We live in a disinformation economy. Entrenched powers employ flacks who utilize their relationships to tell untrue stories to convince you to believe them.

The number one major label saw?



Have you heard of the Weeknd?

Used to be these acts were anointed, your goal was to convince a gatekeeper to support you, to let you in. That’s what the music business was based on, getting in. Getting a major label deal, getting represented by Frank Barsalona. And once you were in, life was beautiful. Even if you didn’t immediately make it. It was a fraternity. You had many chances to fail. That’s how you got artist development. Whereas now, it’s every man for himself. It’s what have you done for me lately. You’ve got to be incredible immediately and continue to be so.

And the powers-that-be don’t like this.

And the wannabes don’t either.

Ironically, most wannabes want it the way it used to be. They want to get in the club and relax. The fact that there’s barely a club and what’s left of it doesn’t pay doesn’t bother them. Goddamn it, they want it the way it used to be!

As do the labels.

Because if you control the pie, you get to divvy it up amongst yourselves.

The major labels controlled distribution. And that meant they got paid. You could go indie, you’d just starve.

But now you can do it for yourself. This is the entrenched player’s worst nightmare. This is why they’re kicking and screaming. They care less about you stealing their wares than the demise of their old model.
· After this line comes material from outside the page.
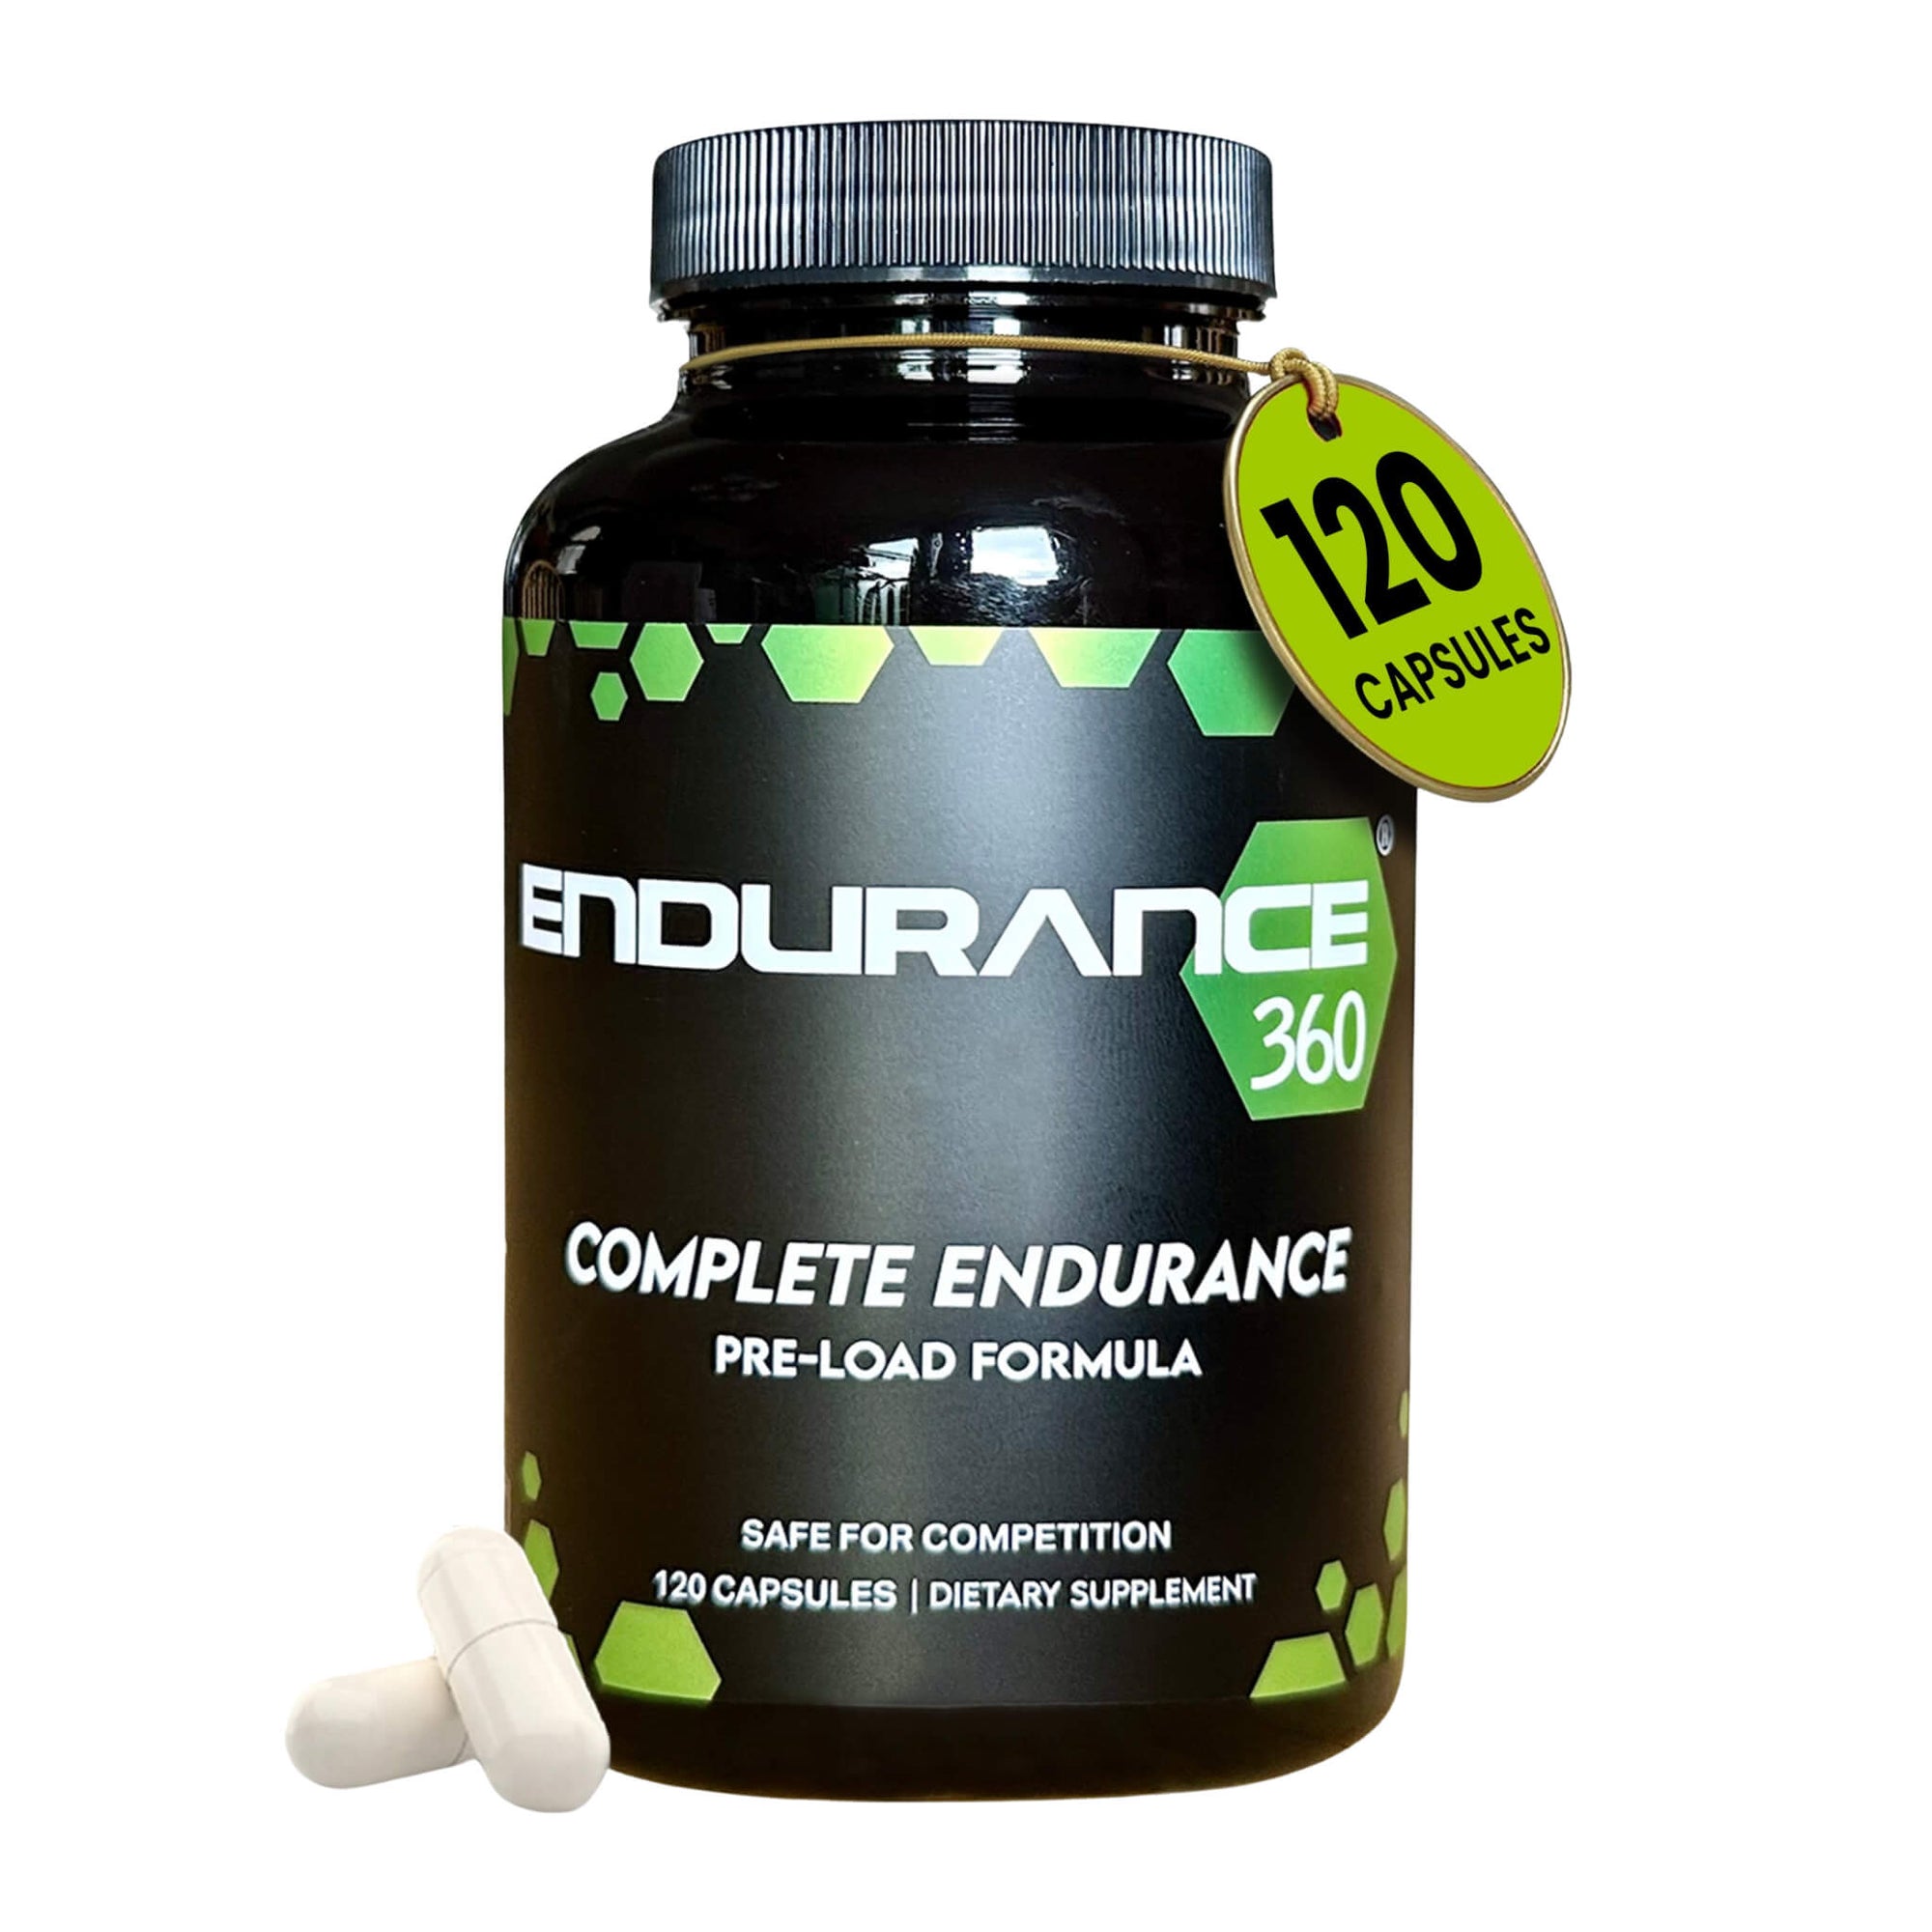 Endurance360® Complete Pre-Loading for Muscle Endurance, Recovery and Leg Cramps

Otherwise they wouldn’t have let you steal for so long. Because if distribution becomes democratized, they’re screwed. This decade-long fight over P2P wasn’t about the money, it was about the business model! The majors make stars and get paid. You’ve got to go through them.

Only you no longer need to.

So Jake calls me up and asks if I’m following this act, the Weeknd.

Now let me be clear. Insiders have seen it all, you know when they’re going on hype and they’re rarely excited.

But Jake had never seen anything like this. I could hear it in his voice.

An unsigned act gives away it’s music and you can’t get in the gig!

Do some research, download the album. You’re now in the club, the new word of mouth club.

The big story this week is Marc Geiger’s appearance on Ian Rogers’s Web TV show. But I thought maybe you hadn’t seen it.

You should.

“Billboard” did the best edit:

You can watch the entire show here:

But be sure to watch that edited clip. Ignore the intro, ignore the reference to me, but be sure to hear the power of Pitchfork.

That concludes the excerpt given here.